Design for Data Privacy – Keeping Data Safe and Secure
Keeping data private depends primarily on two factors. The first factor is the implementation of a security model, like the layered approach illustrated in Figure 8.1. Implementing a security model has the greatest probability of preventing malicious behaviors and bad actors from having an impact on your data and your IT solution in general. The tools and features that can help prevent those scenarios include VNets, private endpoints, Azure Active Directory, RBAC, and Azure threat protection functionality. The second factor has to do with the classification and labelling of the data, which needs to be kept private and requires an additional level of protection. A very helpful tool is linked to your SQL pools and other Azure SQL products: Data Discovery & Classification. As shown in Figure 8.10, when Data Discovery & Classification. is selected, the database is analyzed for content that might benefit with some additional form of classification and sensitivity labeling.
FIGURE 8.10 Data Discovery & Classification
Notice that selecting the Data Discovery & Classification navigation menu item resulted in a scanning of the dbo schema on the Azure Synapse Analytics dedicated SQL Pool. A table named SUBJECTS was discovered to potentially contain PII data, and the tool recommended the sensitivity label and the classification of the data in the Information Type column. The SUBJECTS schema is located on GitHub in the Chapter08 directory. Recognize that you are the expert when it comes to the data hosted on your database. Information stored in columns may be named in a way that results in it not being recognized as requiring additional protection. For this scenario, you can use the + Add Classification menu button to add both the classification and sensitivity label. When you select the + Add Classification menu button, the pop‐up window in Figure 8.11 is rendered.

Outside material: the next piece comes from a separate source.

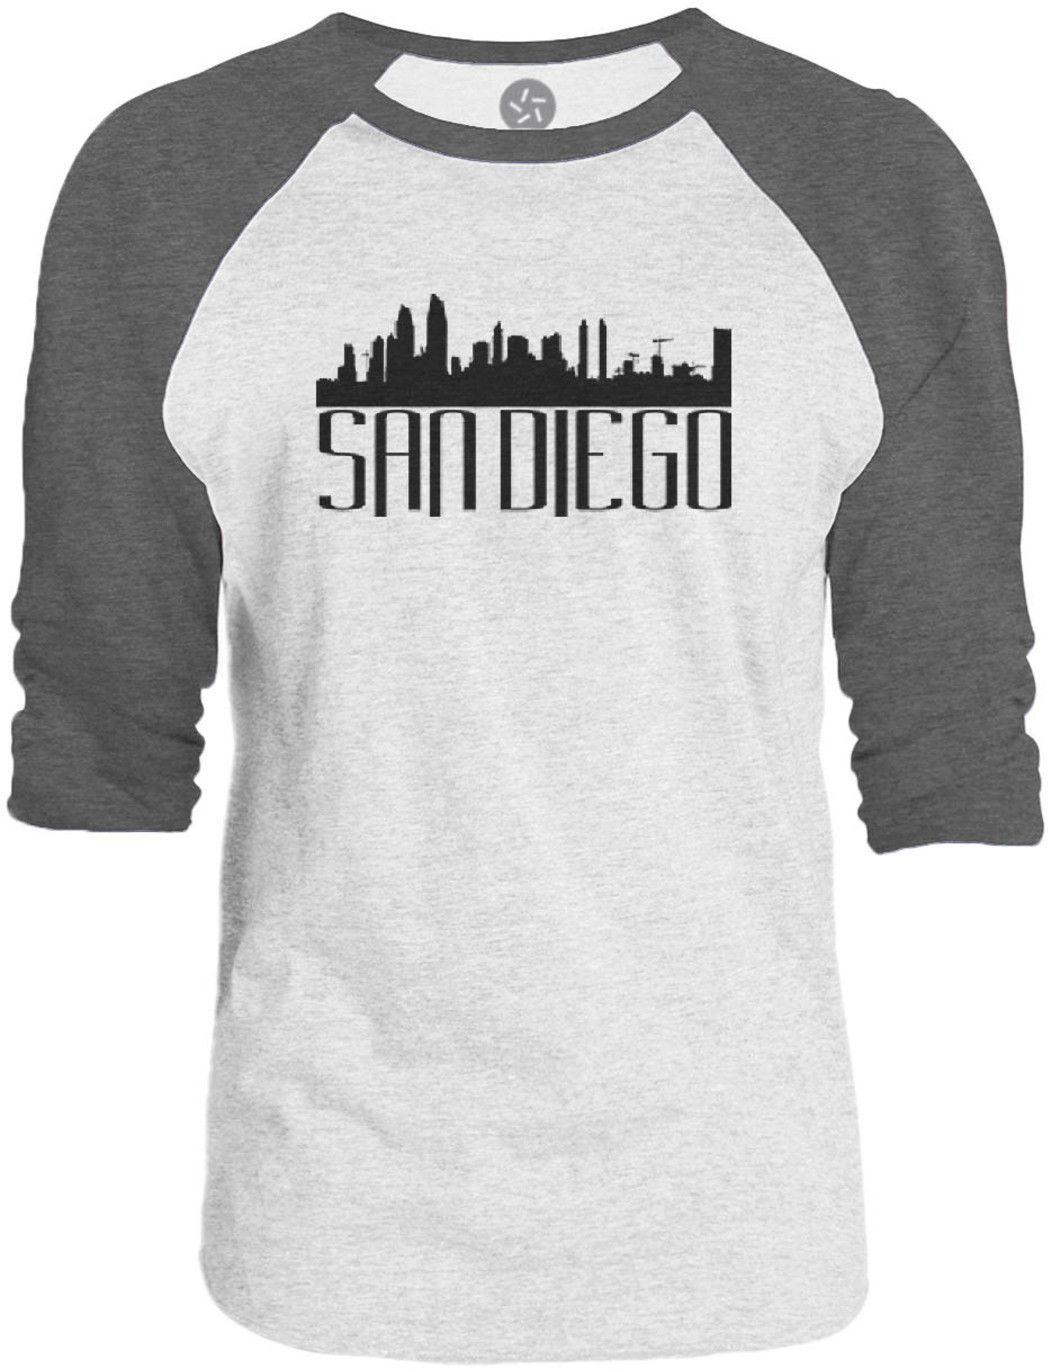 Big Texas San Diego Skyline (Black) 3/4-Sleeve Raglan Baseball T-Shirt

FIGURE 8.11 Data Discovery & Classification, Add Classification window
This feature exposes all the schemas, tables, and columns that exist on the database. After selecting add classification, you can then set the classification and sensitivity labels. In this case, the SUBJECTS table contains the column named BIRTHDATE and is classified as Date Of Birth related. The Sensitivity Label drop‐down is set to Confidential, which means that some kind of protective measure should be taken to control who can access the data. The other sensitivity levels are Public, General, and Highly Confidential. Reading through those examples, you can conclude that a sensitivity level of Public would likely not need any masking or encryption. As you progress through those different levels, the amount of security also increases with the maximum level of auditing, encryption, and access restrictions applied to the dataset as the Highly Confidential sensitivity level.

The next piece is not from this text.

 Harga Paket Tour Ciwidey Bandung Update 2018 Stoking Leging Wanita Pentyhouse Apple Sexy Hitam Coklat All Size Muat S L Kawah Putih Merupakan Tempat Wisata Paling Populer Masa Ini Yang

Data privacy also has to do with compliance regulations. There are many scenarios where data that is captured in one country cannot be stored outside the boundaries of that country. Data residency is an important point to consider when you are configuring redundancies into your data analytics solution. It is very common on Azure that datacenters are paired together and act as a disaster recovery option in case of catastrophic events. By default, for example, the West Europe region’s paired region is North Europe, and both are physically located in different countries. If your scenario requires that your data must remain in the country where it is collected in order to be compliant with your industry regulations, then take those appropriate actions. This capability is built into the platform for many Azure products, and when paired regions are located in different countries, you will be presented the option to disable this.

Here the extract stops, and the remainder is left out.